How do you Cook, Chill, and Slice New York Strip Steaks?!

Question: How do you Cook, Chill, and Slice New York Strip Steaks?
I have looked online and can only find recipes to do this to sirloin or other large cuts. I have 3 nice sized New York Strip steaks: I have been marinating them in red wine, garlic, and other spices for several hours. I want to cook them, and serve them cold and sliced. Ideally, they would have a nice flavor of spices coating the outside and be medium/ medium rare on the inside. I don't have a grill but I have a pan to sear, an oven, and a George Forman grill. Any suggestions?
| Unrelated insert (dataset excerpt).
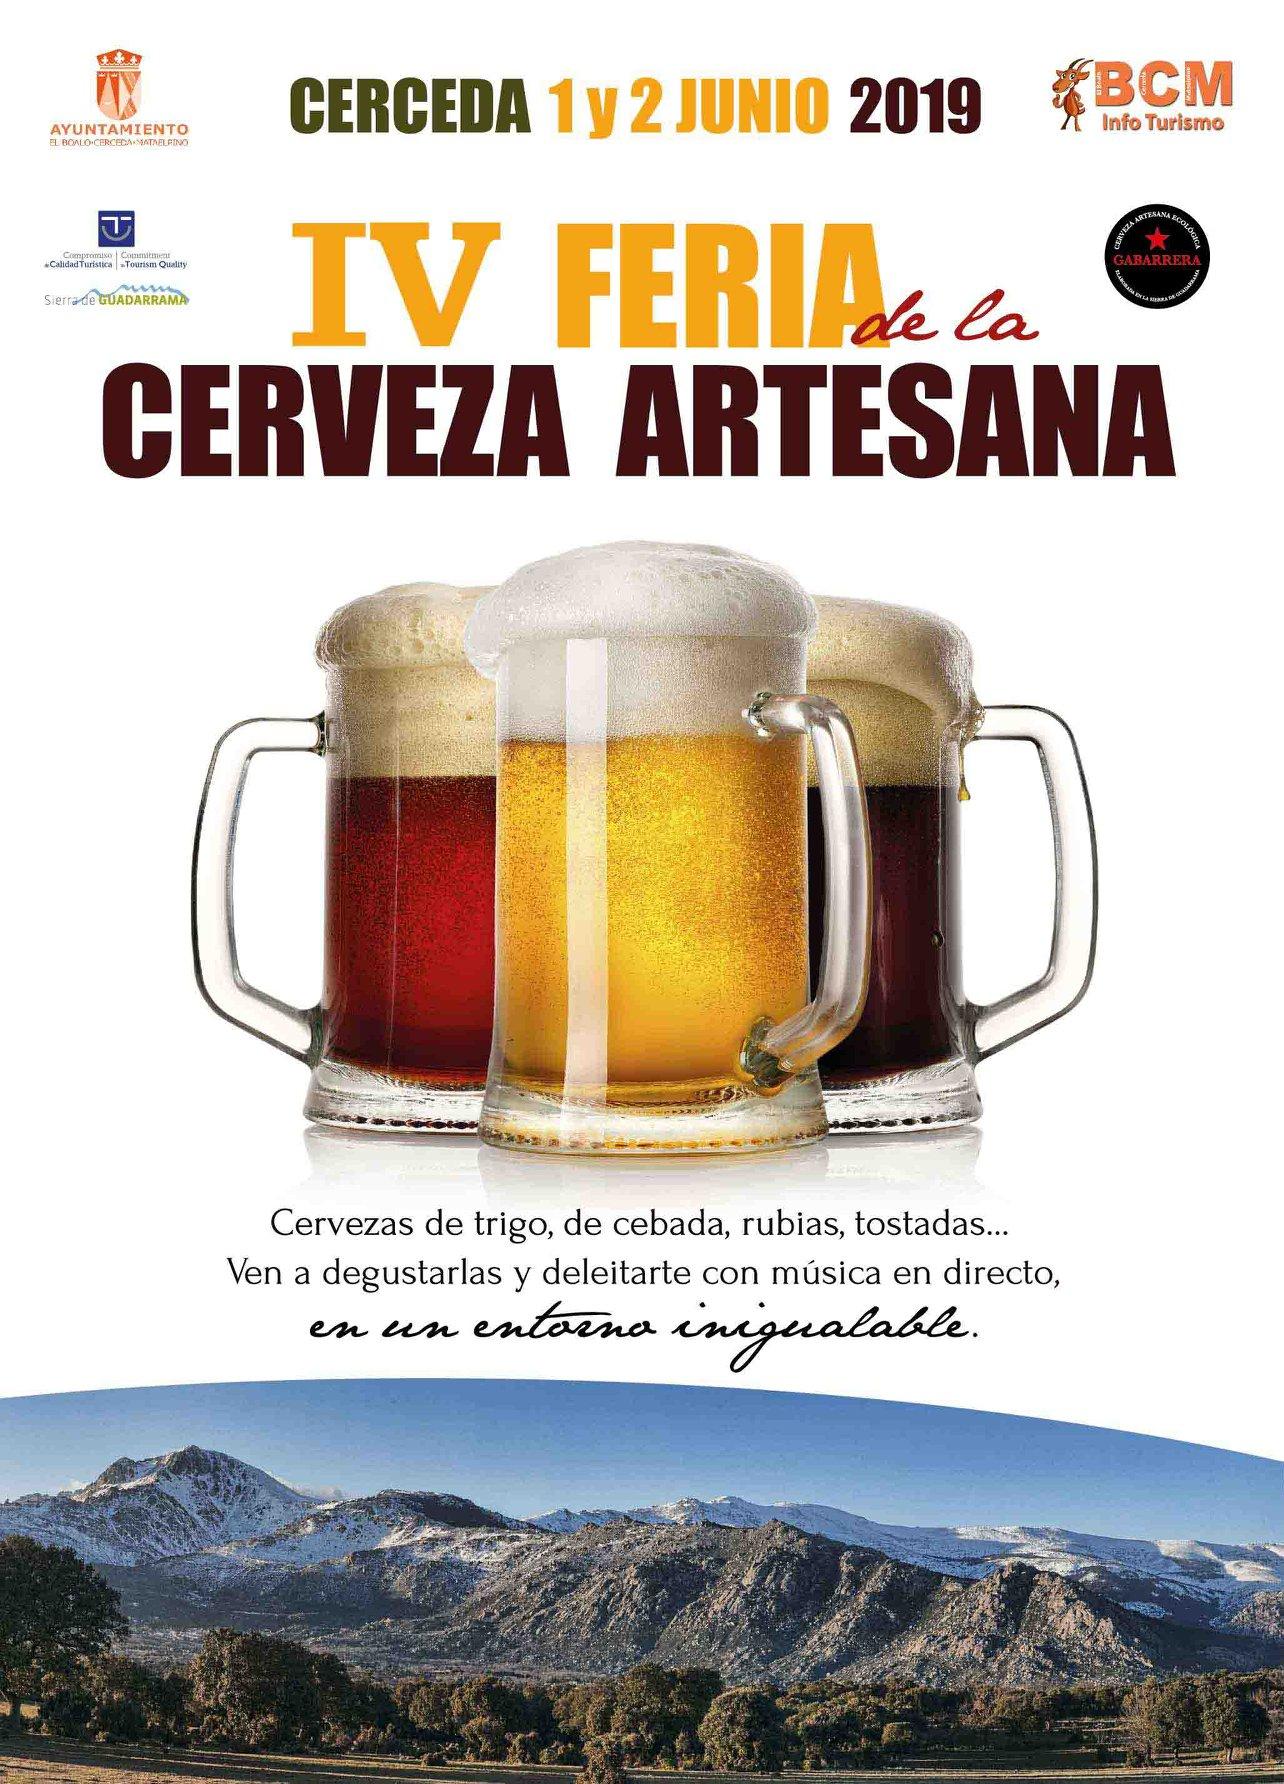 Cervezas Leoncia estará en la Feria de la Cerveza artesana de Cerceda 2019
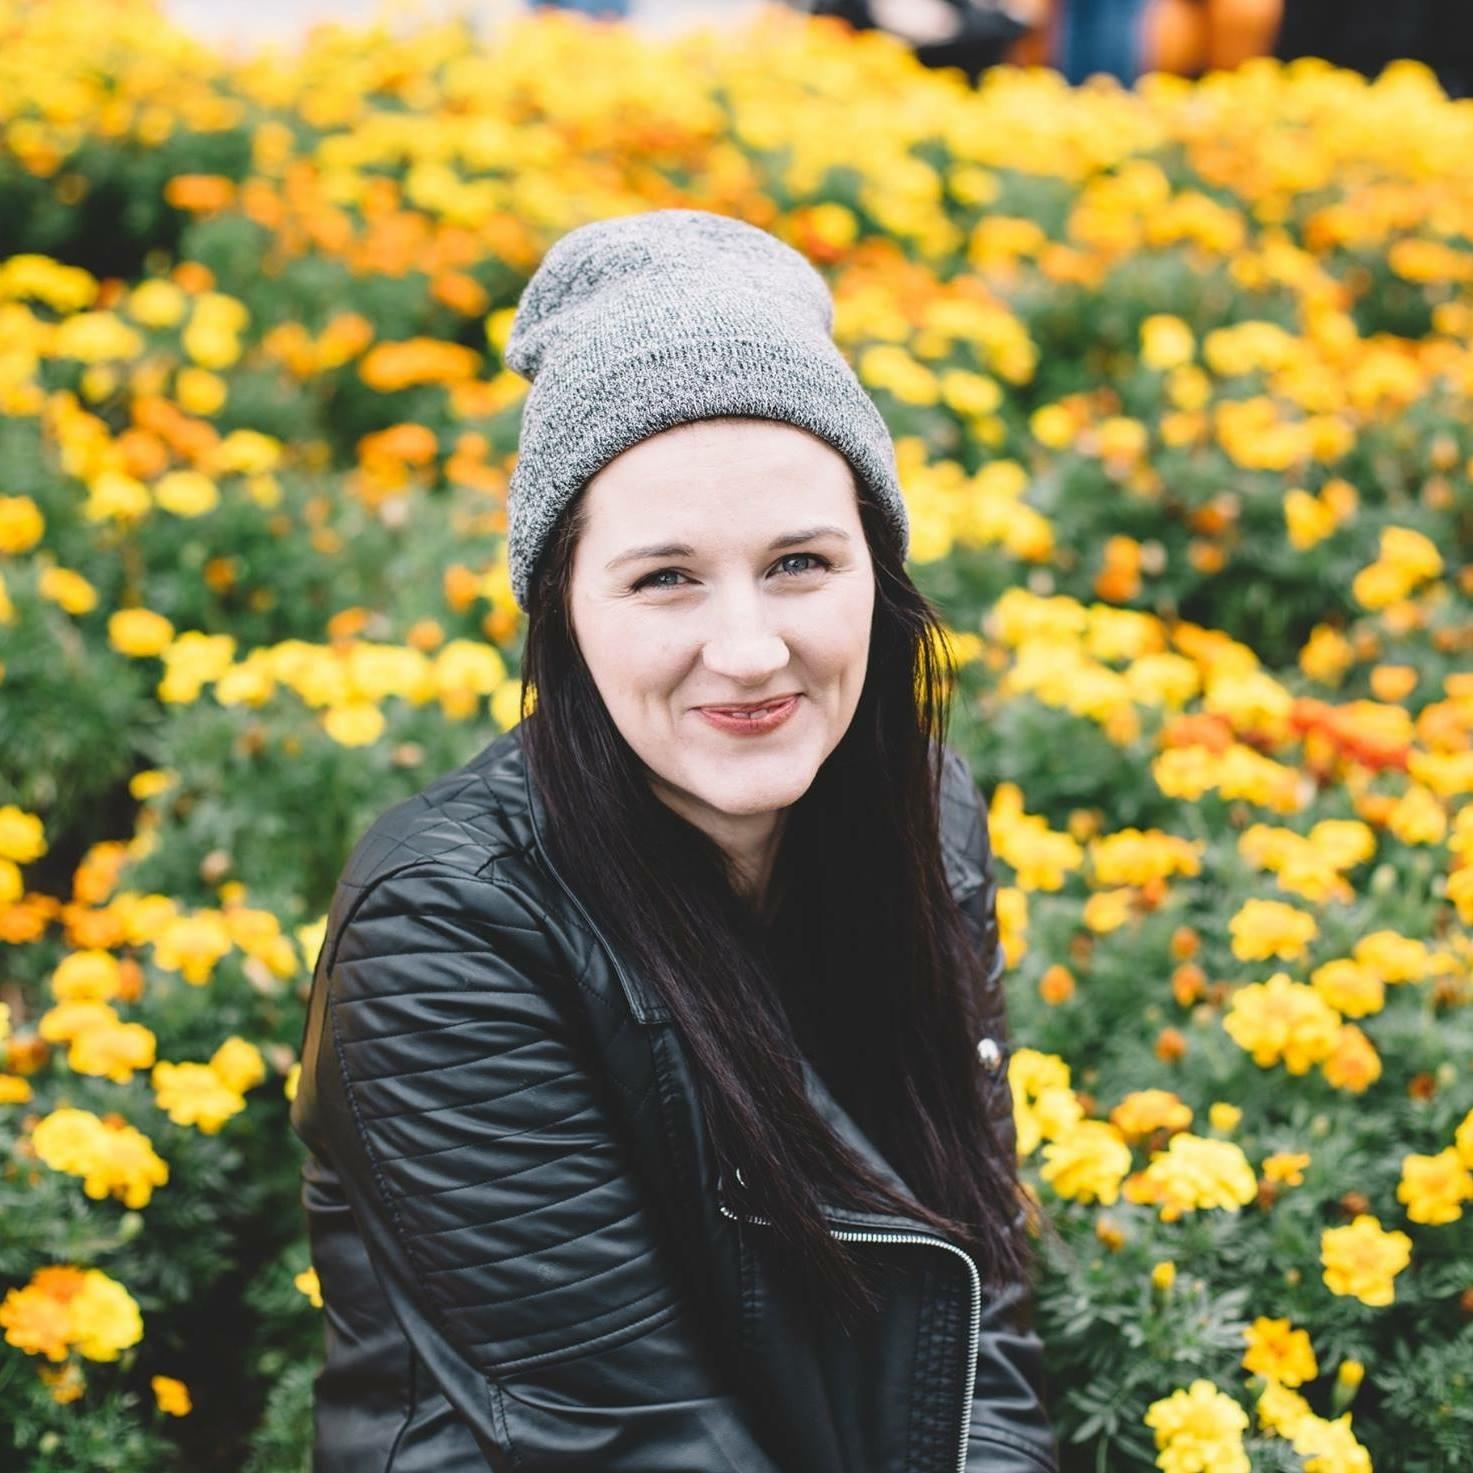 Renee Wold | Photographer

What a great idea! You can cook NYSS the same way as any steak. I would suggest using a grill pan, or one that you can get very hot (possibly cast iron) and quickly sear the steaks on both sides. If you put them in the oven (making sure your pan is oven safe) to finish cooking, you'll be able to control how rare or medium they are by the time kept in the oven and how thick the individual steaks are. They have such a wonderful, natural flavor, I personally don't think it will be necessary to coat the outside with spices - most especially since you have been marinating them. I'd let their enhanced, natural flavor shine through. Served with a room temperature Bearnaise sauce - yum.
Good Luck and I hope this helps.

I'm a professional baker.

I prefer a good steak grilled un-marinated with only a few seasonings. Salt, pepper and a little garlic cooked in butter or on a charcoal grill.
Steaks don't taste very good cold so I'm not sure why you want to serve them this way.
You can cook them in a cast iron skillet or a non stick pan. Don't over cook the steaks and let them rest for about 5 minutes after you take them off the heat.
Fry or grill about 6-8 minutes on each size.

Well it sounds like you already know what to do. Just cook them, I would sear them in a pan, till they are medium to medium rare. When they are done, let them cool down to room temp., then put them in the fridge. They will be easy to slice after they are cold and letting them rest first before cutting them will help them to retain their juices, so they will not be dry!

Either broil them in the oven or use the GF grill. The searing pan will create too much smoke in your kitchen, especially with marinated meats. Cool the steaks when cooked, and slice to desired thickness across the grain.


They will have the "nice flavor..." cook them on on the Foreman. As for slicing, easy, across as in lengthwise. Chilling- ever hear of the fridge?